The authors of the book held a dialogue on the current crisis led by César Molinas, in which they discussed its causes and, above all, its repercussions on the Spanish financial system, especially the savings banks.
The authors pooled their knowledge to explain why part of the Spanish financial system, instead of being the Spanish economy's lifeline, has become, even today and after the investment of billions of euros, an obstacle to recovery.

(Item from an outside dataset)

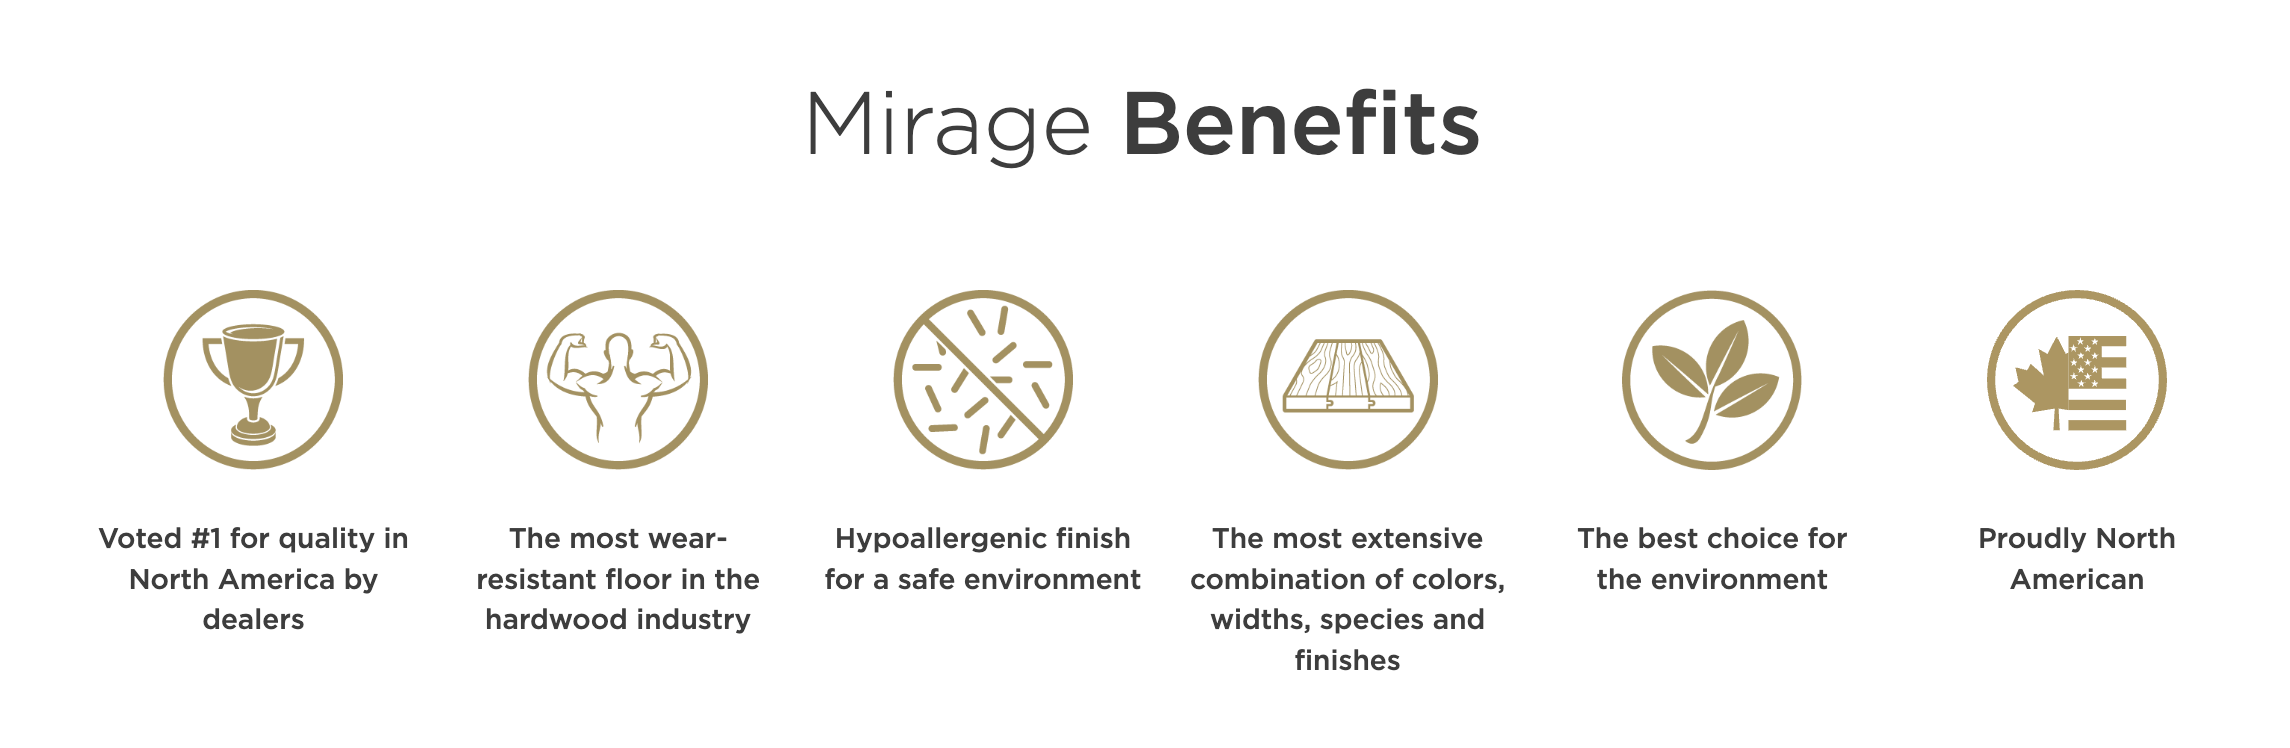 Mirage Benefits

Aristóbulo de Juan has devoted fifty years of his life to banking, thirty-five of which were spent analysing banking crises in thirty different countries and the reforms needed to correct them. He was Director General of Supervision at the Bank of Spain and played an important role in the resolution of the Spanish crisis of the 1980s and in the modernisation of the banking supervision model. Subsequently, he was Financial Advisor to the World Bank in Washington for financial reform in developing countries. He currently runs an advisory firm specialising in problem banks and banking crises. He has lectured at Oxford, Harvard, Yale and Wharton Universities, as well as at the US Federal Reserve, the Bank of England and the Central Bank of China.
Francisco Uría is a State Lawyer on leave of absence and currently partner in charge of the financial sector at KPMG. He is a recognised specialist in financial regulation, particularly banking regulation, and has held very relevant positions both in the State Administration, where he became Undersecretary of the Ministry of Finance, and in the Spanish Banking Association, where he was head of legal advice and Deputy Secretary General.

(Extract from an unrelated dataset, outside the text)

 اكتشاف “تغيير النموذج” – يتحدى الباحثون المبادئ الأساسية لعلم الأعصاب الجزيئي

Íñigo de Barrón is a specialist in financial information with more than 25 years of experience in different media such as Deia, Europa Press, Actualidad Económica and Expansión. Since 2001 he has worked for the newspaper El País as Financial Correspondent, where he has covered with rigour and analysis the crisis that has demolished a large part of the Spanish banking system. In 2003 he received the First ING Financial Journalism Award for the best professional career and, in 2009, the Schroders Award for the best economic article on the crisis. He is the author of El hundimiento de la banca, published by Catarata.